Thursday, May 5, 2016

A brief overview of machine learning

This article is a brief introduction to machine learning, for those wishing to have some idea of what the term entails.

Arthur Samuel, in his classic 1959 paper "Some studies in machine learning using the game of Checkers", stated the goals of machine learning in the following terms: is necessary to specify methods of problem solution in minute and exact detail, a time-consuming and costly procedure. Programming computers to learn from experience should eventually eliminate the need for much of this detailed programming effort.
Many decades later, two commonly employed types of machine learning algorithms are supervised and unsupervised learning algorithms:

  • Supervised learning
    • The algorithm is presented with a body of training input. 
      • Each input has a human-designated label. 
    • After the training process is complete, when presented with an unlabeled input the data structure produces a label. 
      • Ideally, that label will be what the human labeler "would have picked" for that input.
  • Unsupervised learning
    • The algorithm is presented with a body of training input.
      • The inputs do not have human-designated labels.
    • A data structure is built that associates inputs that "look similar".
      • This similarity is determined by a user-submitted distance metric.
    • Each group of "similar" inputs is referred to as a cluster.
      • Each cluster is defined in terms of a reference input. This reference input is typically calculated as a weighted average of the inputs belonging to the cluster.
    • After the training process is complete, when presented with a new input the data structure indicates the cluster to which it belongs.
      • This is typically calculated by finding the distance between the new input and the reference input for each cluster.
      • The reference input with the shortest distance to the new input determines the winning cluster.
What type you use depends on the problem to be solved and the data that is available. 

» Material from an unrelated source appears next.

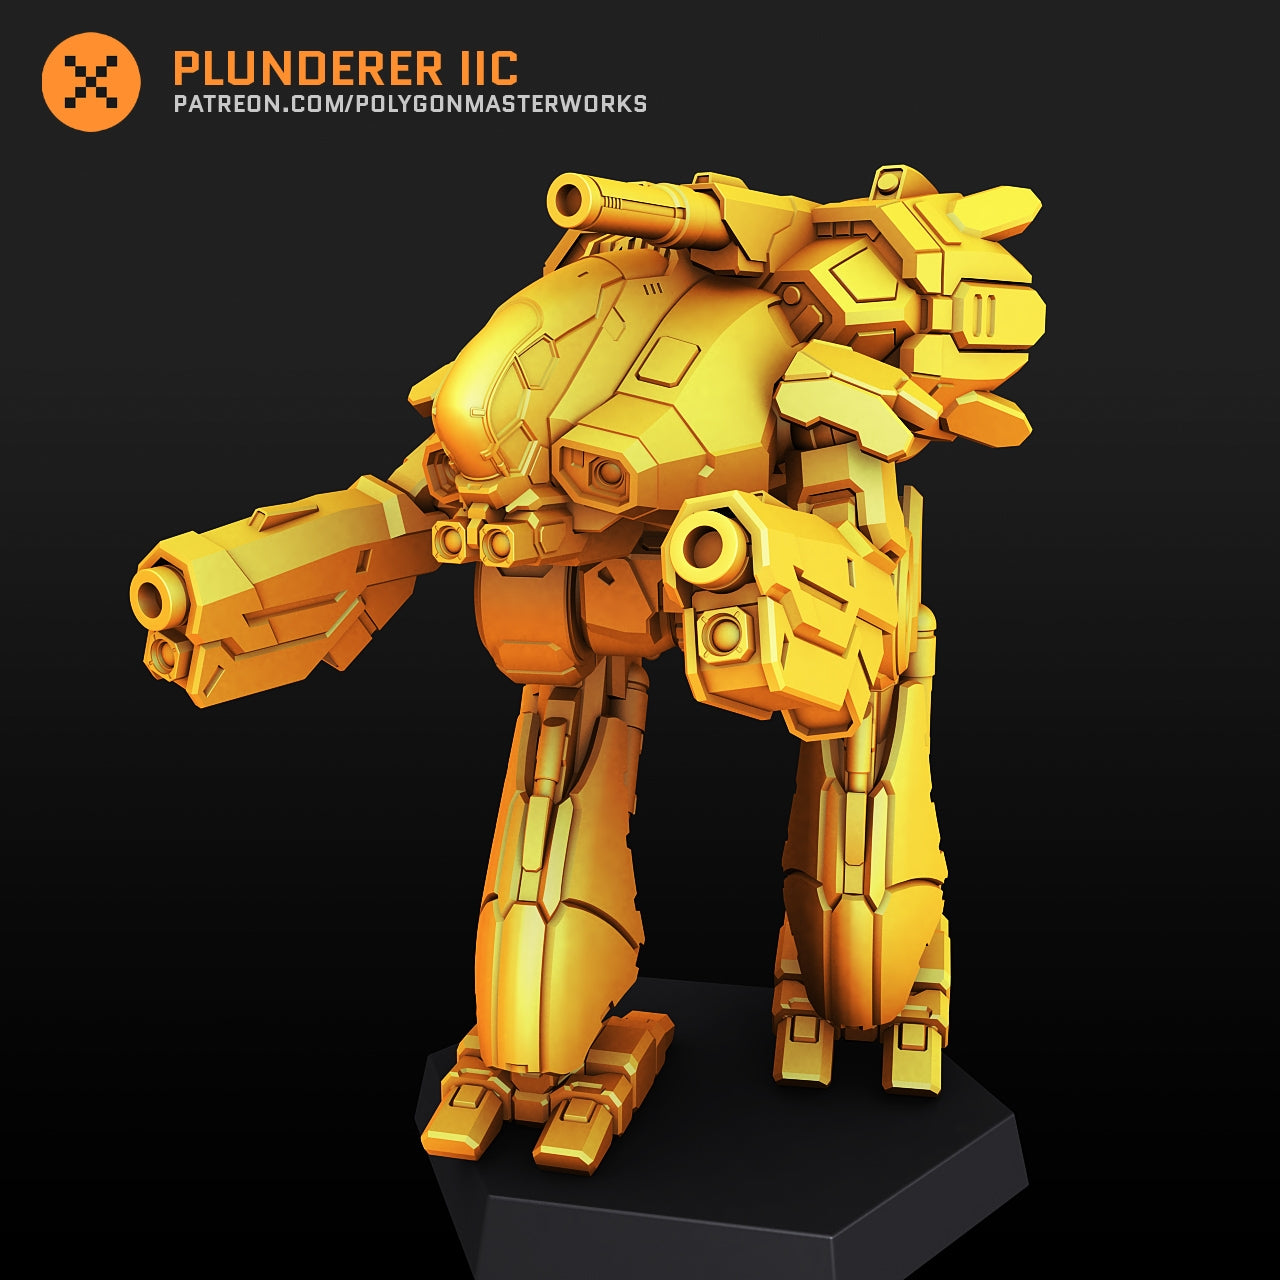 Plunderer IIC (By PMW) Alternate Battletech Mechwarrior Miniatures

Revisiting our quotation from Arthur Samuel, the goal of machine learning is to "eventually eliminate the need" for "specify[ing] methods of problem solution in minute and exact detail, a time-consuming and costly procedure." 

Seen in this light, if labeled data is available, supervised learning is often preferable. Since the learned data structure yields a symbolic label for each input, the software in which the learner is embedded can be directly programmed to respond in specific ways that reflect the known semantics of each label.

For example, if one wishes to create a spam filter, supervised learning is a great approach. The labels are easily obtained, as the email user assigns labels to spam emails by putting them in a junk folder. In time, the system should improve its ability to predict whether a given email is spam or not.

Now, if the available data has no labels, unsupervised learning is the only choice. It often proves useful to examine the reference inputs for the clusters that are learned as a first step in getting a deeper understanding of the data. This is, in practice, probably the most common use case for unsupervised learning.

If, however, the unsupervised learner is embedded in a larger software system, some additional human input will be needed to assign workable semantics to the clusters that were learned. This concept intrigues me and has been a focus of my work in recent years. One example is a clustering system I created to facilitate building robot behaviors. I presented the work at MAICS-2014. The robot drives around and builds clusters based on the images it sees. The user then assigns a move to each reference input. By examining the reference inputs, the human is able to determine an appropriate semantics for that cluster.

Of course, it would be really cool to have the robot automatically assign the actions to the clusters based on the input from a human pilot. I have made some tentative steps in that direction, but it remains a work in progress.

Some commonly-used supervised learning algorithms include:
  • Decision trees
  • Multi-layer perceptrons 
    • Also called "feed-forward neural networks"
    • "Deep learning" systems fall into this category
  • Support vector machines
  • Naive Bayesian classifiers
  • k-nearest-neighbor
Well-known unsupervised learners include:
  • Kohonen Self-Organizing Map (SOM)
  • k-means clustering
  • Growing Neural Gas (GNG)


  1. So, here's a stupid question that's probably not answerable. When a student comes up to me and says "I want to study machine learning" (as an independent study or something, presumably), is this kind of high level approach what they're talking about?

    I think I've been scared to go into it because there's so much in the field that I don't know, but yeah, knowing the big ideas are pretty important..

    1. Yes, I think this would be an excellent high-level structure for an independent study or the like. The sheer diversity of algorithms and approaches is intimidating, but I think a good student experience could be devised by having the student explore several examples of machine learning algorithms. That exploration could involve either outright implementation or perhaps experimentation with an already-implemented system. Aside from Support Vector Machines and "deep" neural nets, everything I listed in this post could easily be implemented from scratch by a capable student.